7. Granular (actual) changes are hard to find
Here are some real-life examples of harmful granular changes that were detected using Evolven:
- Connection timeout of an application server was changed from 5 minutes to 60 seconds
- Length of a text field in database table was reduced
- Index on a database table was dropped
- Firewall port was closed
- A new Windows service was installed
- Amount of CPU cores allocated for a virtual machine was reduced
These examples perfectly demonstrate the level of granularity that can turn into huge IT incidents. Tracking these granular changes and identifying the exact ones that triggered the incidents is a formidable task.
It took Facebook 14 hours to troubleshoot their poor misconfiguration change. Let’s not forget we are talking about Facebook. If they needed 14 hours, I am not sure how much time it would have taken a “regular” enterprise.
An EMA research determines that “the industry average time to resolve any performance issues is just under six hours, with 20% of IT organizations spending more than 11 hours on each.”

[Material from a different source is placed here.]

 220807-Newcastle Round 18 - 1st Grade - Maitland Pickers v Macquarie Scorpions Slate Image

8. When you focus on the symptoms rather than on the real root cause, you are making a big mistake
According to Gartner about 85% of performance incidents can be traced back to changes.
A key problem is the industry’s myopic focus on monitoring only the health of IT and cloud environments (e.g. higher CPU usage, slower transactions, an extremely slow Java query, or in Facebook’s case - a massive outage).

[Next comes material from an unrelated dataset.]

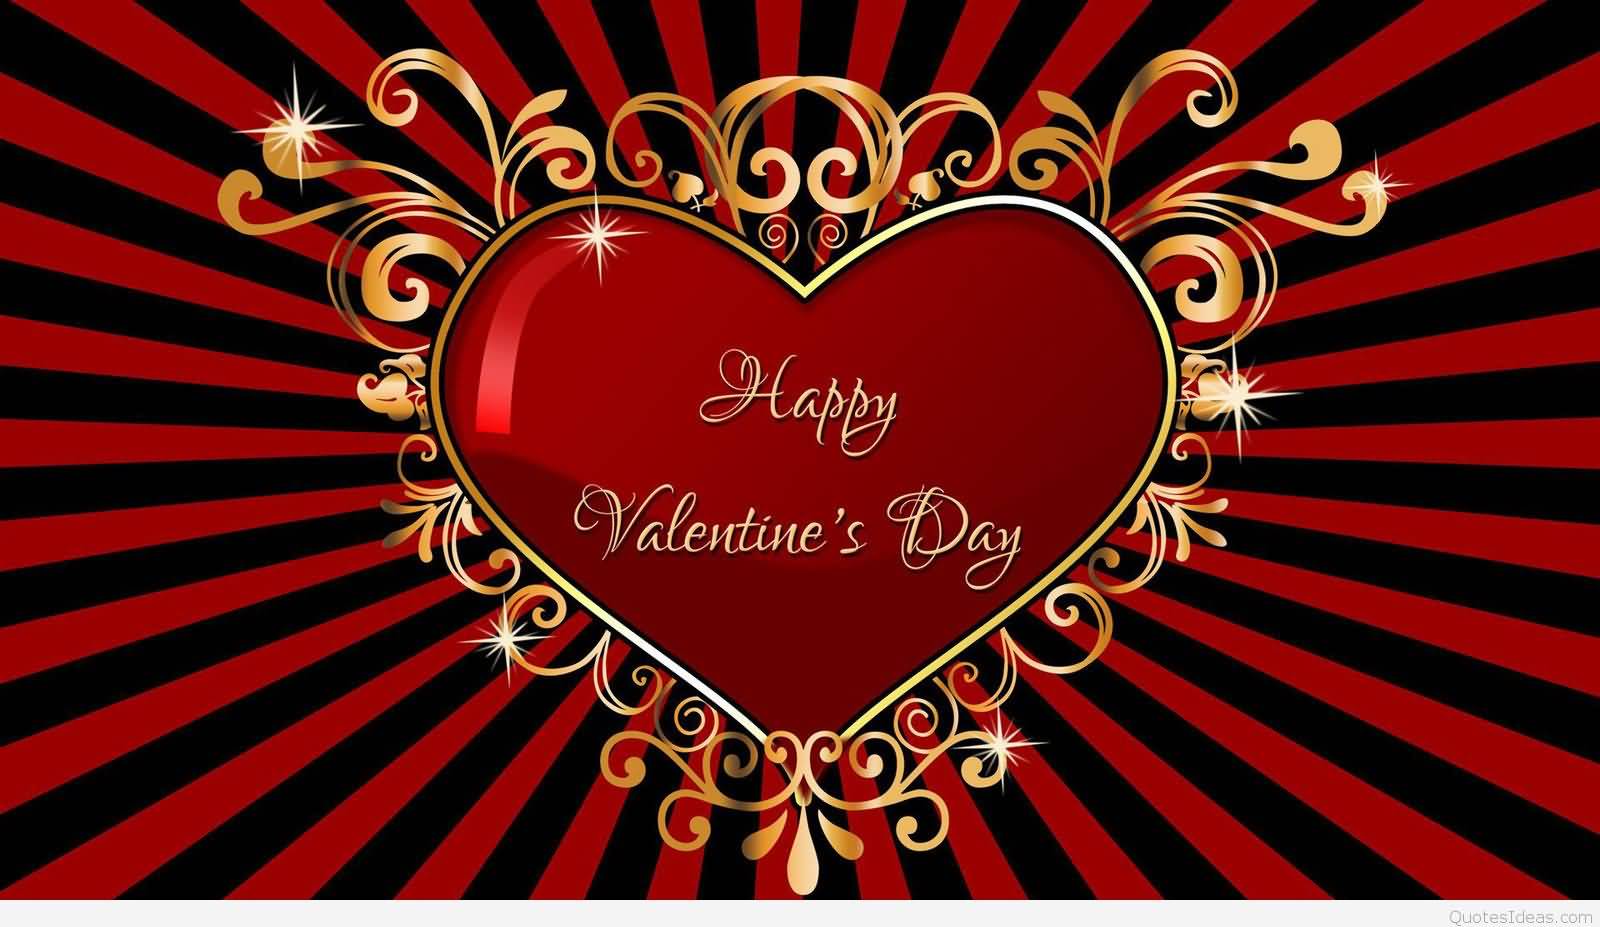 Happy Valentine's Day 2017 Heart Design

While monitoring these indicators is very important, let’s not forget that they usually represent symptoms of performance incidents and not their true root cause.
And while these indicators can guide IT operations towards the general direction of where the problem originates, they can not independently indicate the actual root cause.
We call it "Symptompia".
What many IT teams are completely missing is the opportunity to gain visibility into the true root cause of performance incidents – which are by definition changes that were made prior to the event and triggered these incidents.
For an effective causal analysis aimed at detecting unauthorized, unknown or inconsistent changes, IT teams must use technologies that track, analyze and score the actual changes being done by people or machines.
The Evolven Connection
A customer recently told me: “it’s 2019, and even with the best monitoring tools in the world we are still facing too many incidents and suffer from long troubleshooting time….It’s time to reframe the problem and take a more advanced approach”.
Evolven Change Analytics offers a unique AIOps solution and is the only technology centered on the actual root cause of performance incidents – changes that were made.
Imagine tracking all actual changes (yes, even granular ones) carried out in your enterprise cloud or other IT environment, analyzing them and tagging them by their type and risk potential. Evolven makes it possible.
Our technology uses patented machine learning analytics for the purpose of correlating the changes it collects with performance monitoring events and with additional parameters that are driven from APM systems.
The result: You get visibility of the actual changes that caused the incident, and can fix it much faster and prevent similar changes to be enrolled again.